Finally heard back from Amy at Oberon. She said she didn't think the K3 sleeve would fit the nook, however she did say they will be making a sleeve for the nook and the K2 in a month or so.


----------



## luvmy4brats

Got a wi-fi nook yesterday. (The $25 gift card at Best Buy pushed me over the edge) Right now it's residing in my Black Roses K2 Oberon. I think I'll add a spot of Velcro, but it seems to be ok (It's a little loose, but still in there pretty good)


----------



## pidgeon92

luvmy4brats said:


> Got a wi-fi nook yesterday.


I _knew_ you'd cave.  Lemme know if you need help setting it up for library books.


----------



## luvmy4brats

LOL! Like I said, the $25 GC did it. Plus, I've been getting all of those free classics.

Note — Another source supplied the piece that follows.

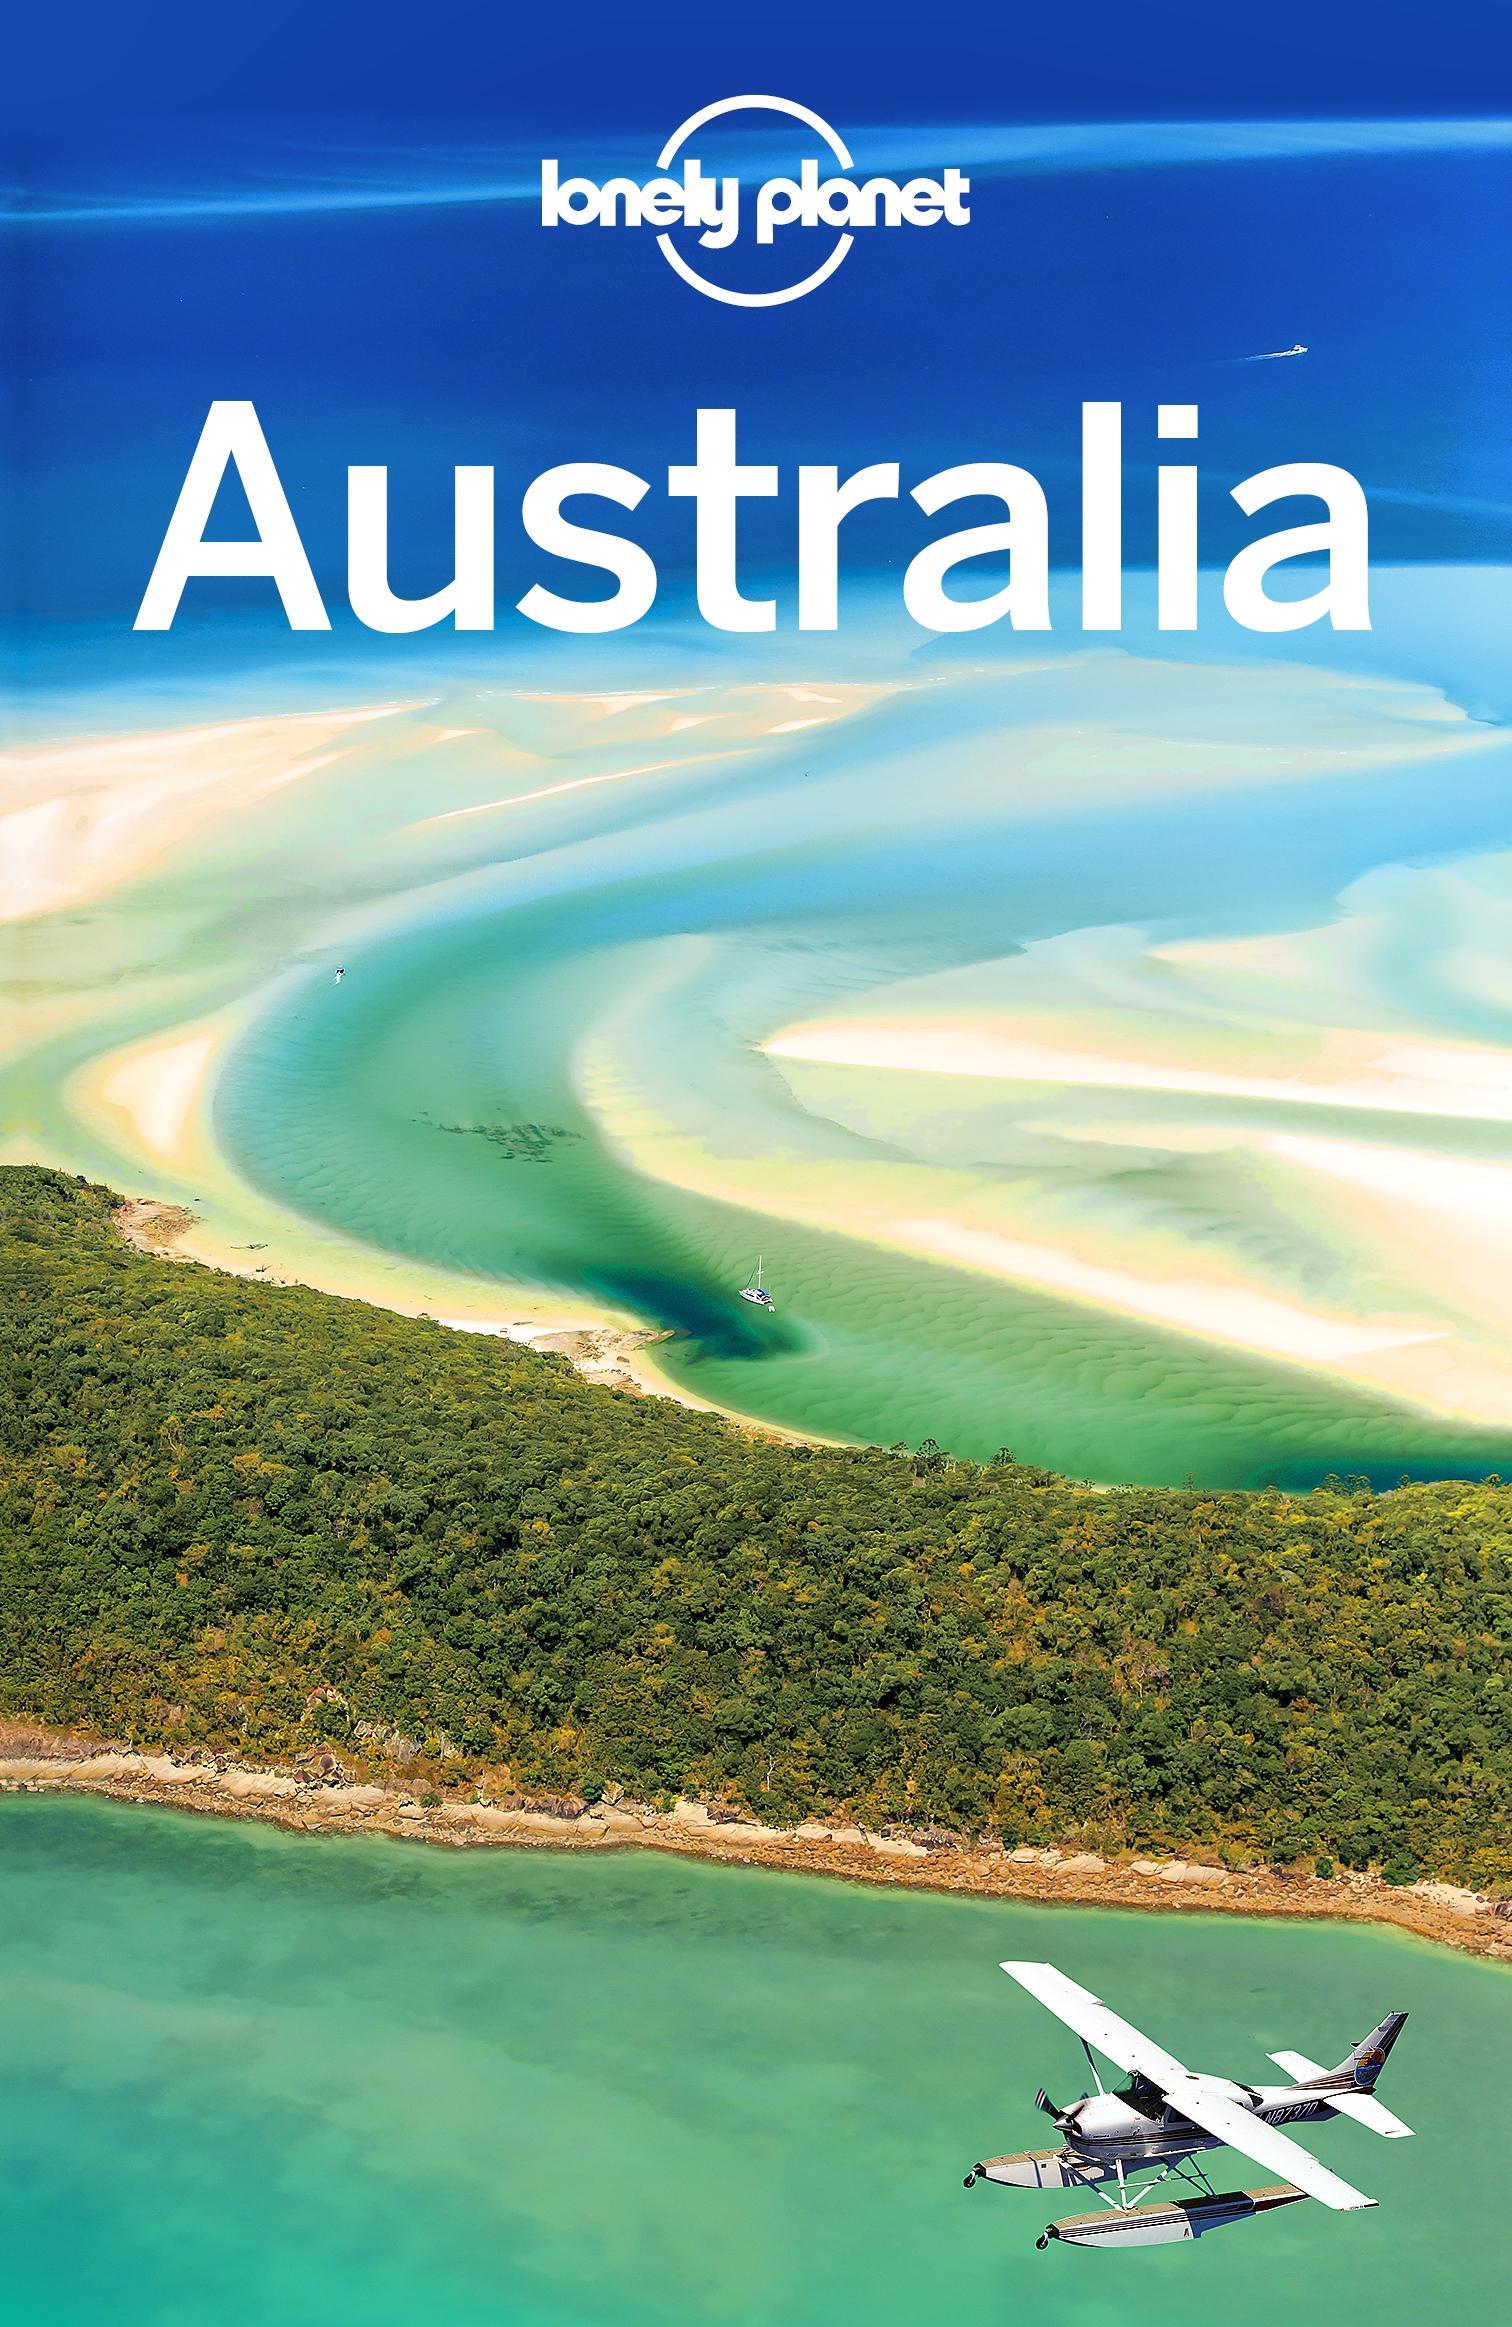 Planet　Planet　Australia　Planet　Guide　eBook　Lonely　v.　Lonely　Travel　Lonely　Weltbild

Thanks for the help on the library books. I actually went through your posts to others and got it (you helped a LOT!) Now I'm just waiting for my card from Philly.


----------



## Kindled Spirit

I just ordered this from a seller on etsy. She's making it to fit the nook in cover without the strap. I think it's so cute 
http://www.etsy.com/shop/Keilantra?ref=seller_info


----------



## KindleGirl

I just got my leopard Go cover from M-edge this morning and I think I'm gonna love it for the nook! It bends backwards pretty easily and it's not much bigger than the nook so it's great.


----------



## Kindled Spirit

I've got the Lily Pulitzer gold snake cover from B&N on the way and the seller on etsy I ordered a cover from sent me pics of the finished product for my approval before she ships it out. I love it! That's her nook in the pic.


----------



## corkyb

I want that. Where can I order it from?  Sooo cute.


----------



## Kindled Spirit

corkyb said:


> I want that. Where can I order it from? Sooo cute.


Here's a link to her etsy shop. She has been a delight to work with.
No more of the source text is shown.